I am using dataproc 2.1 with the following software_config in a json file.
"software_config": {
"properties": {},
"optional_components": ["JUPYTER","ZEPPELIN","Hudi"]
}
But I am getting the following error:
[2023-12-14, 04:08:59 IST] {taskinstance.py:1851} ERROR - Task failed with exception
Traceback (most recent call last):
File "/usr/local/lib/python3.9/site-packages/airflow/providers/google/cloud/operators/dataproc.py", line 609, in execute
operation = self._create_cluster(hook)
File "/usr/local/lib/python3.9/site-packages/airflow/providers/google/cloud/operators/dataproc.py", line 535, in _create_cluster
return hook.create_cluster(
File "/usr/local/lib/python3.9/site-packages/airflow/providers/google/common/hooks/base_google.py", line 468, in inner_wrapper
return func(self, *args, **kwargs)
File "/usr/local/lib/python3.9/site-packages/airflow/providers/google/cloud/hooks/dataproc.py", line 332, in create_cluster
result = client.create_cluster(
File "/usr/local/lib/python3.9/site-packages/google/cloud/dataproc_v1/services/cluster_controller/client.py", line 534, in create_cluster
request = clusters.CreateClusterRequest(request)
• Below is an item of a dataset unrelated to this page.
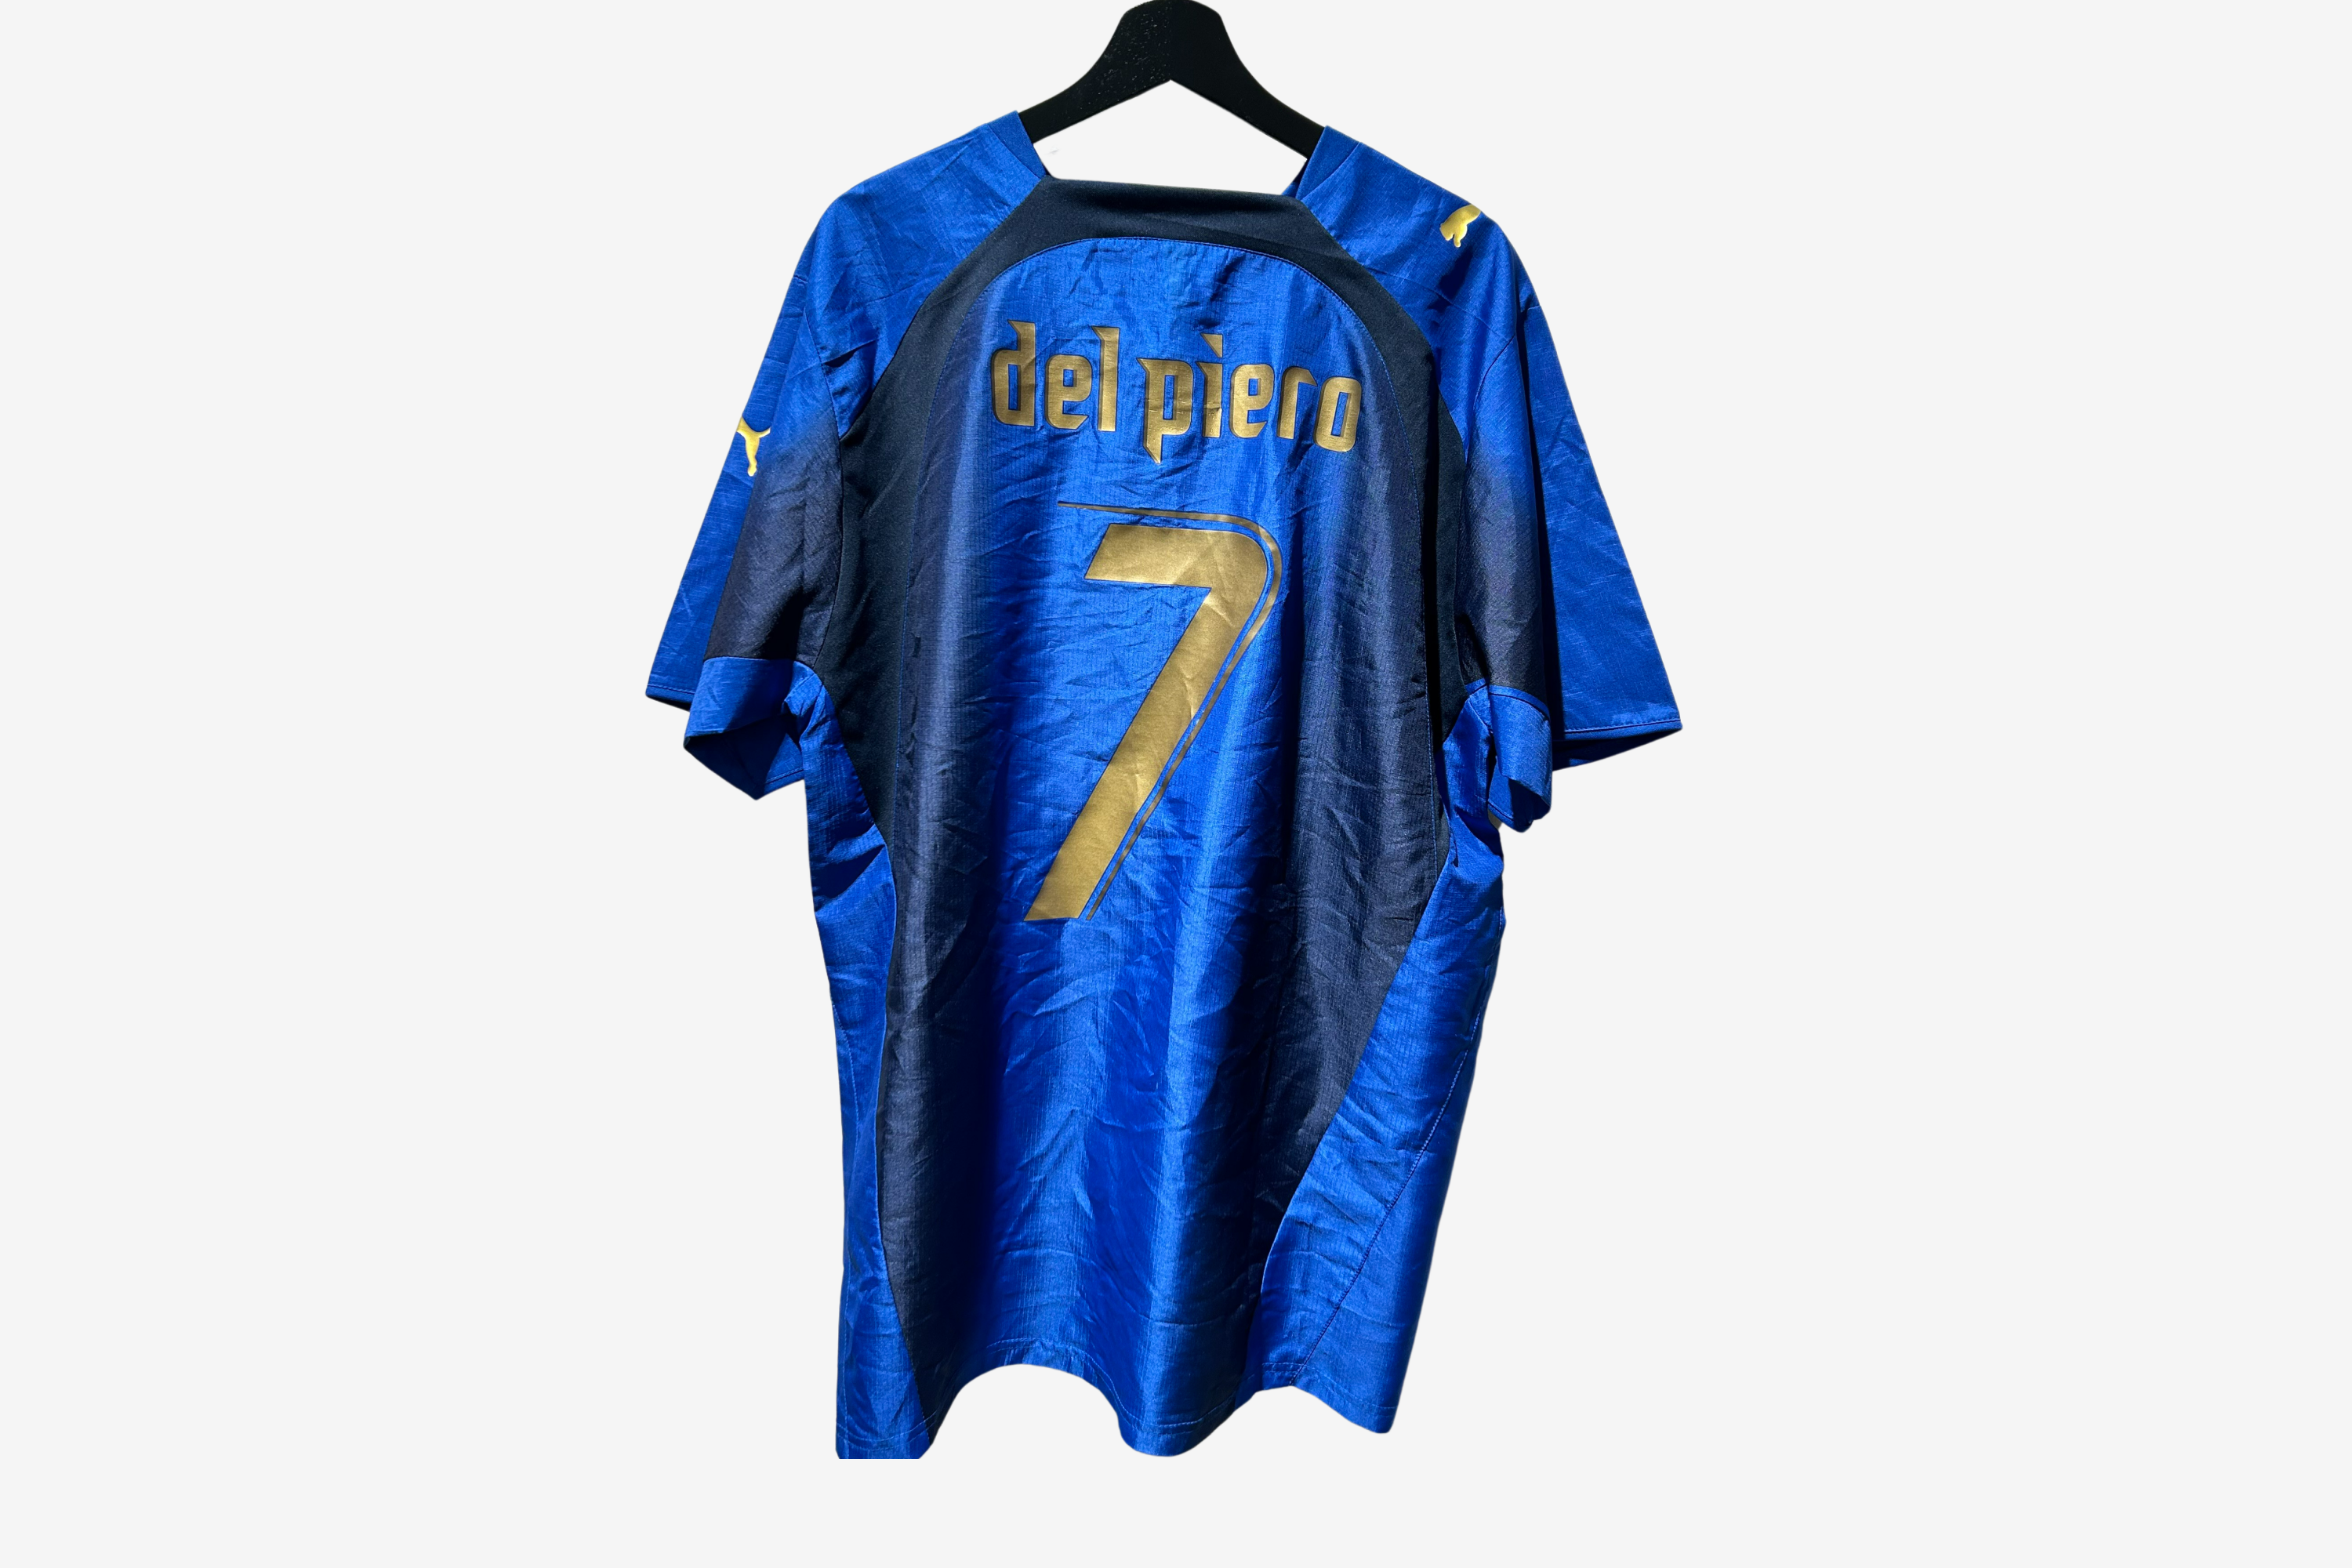 Puma - Italy 2006 Home Football Shirt 'DEL PIERO'

File "/usr/local/lib/python3.9/site-packages/proto/message.py", line 516, in __init__
pb_value = marshal.to_proto(pb_type, value)
File "/usr/local/lib/python3.9/site-packages/proto/marshal/marshal.py", line 211, in to_proto
pb_value = rule.to_proto(value)
File "/usr/local/lib/python3.9/site-packages/proto/marshal/rules/message.py", line 36, in to_proto
return self._descriptor(**value)
ValueError: unknown enum label "Hudi"
NOTE: I tried with "HUDI" as well but still I am getting the error.
Traceback (most recent call last):
File "/usr/local/lib/python3.9/site-packages/airflow/providers/google/cloud/operators/dataproc.py", line 609, in execute
operation = self._create_cluster(hook)
File "/usr/local/lib/python3.9/site-packages/airflow/providers/google/cloud/operators/dataproc.py", line 535, in _create_cluster
return hook.create_cluster(
File "/usr/local/lib/python3.9/site-packages/airflow/providers/google/common/hooks/base_google.py", line 468, in inner_wrapper
return func(self, *args, **kwargs)
File "/usr/local/lib/python3.9/site-packages/airflow/providers/google/cloud/hooks/dataproc.py", line 332, in create_cluster
result = client.create_cluster(
File "/usr/local/lib/python3.9/site-packages/google/cloud/dataproc_v1/services/cluster_controller/client.py", line 534, in create_cluster
request = clusters.CreateClusterRequest(request)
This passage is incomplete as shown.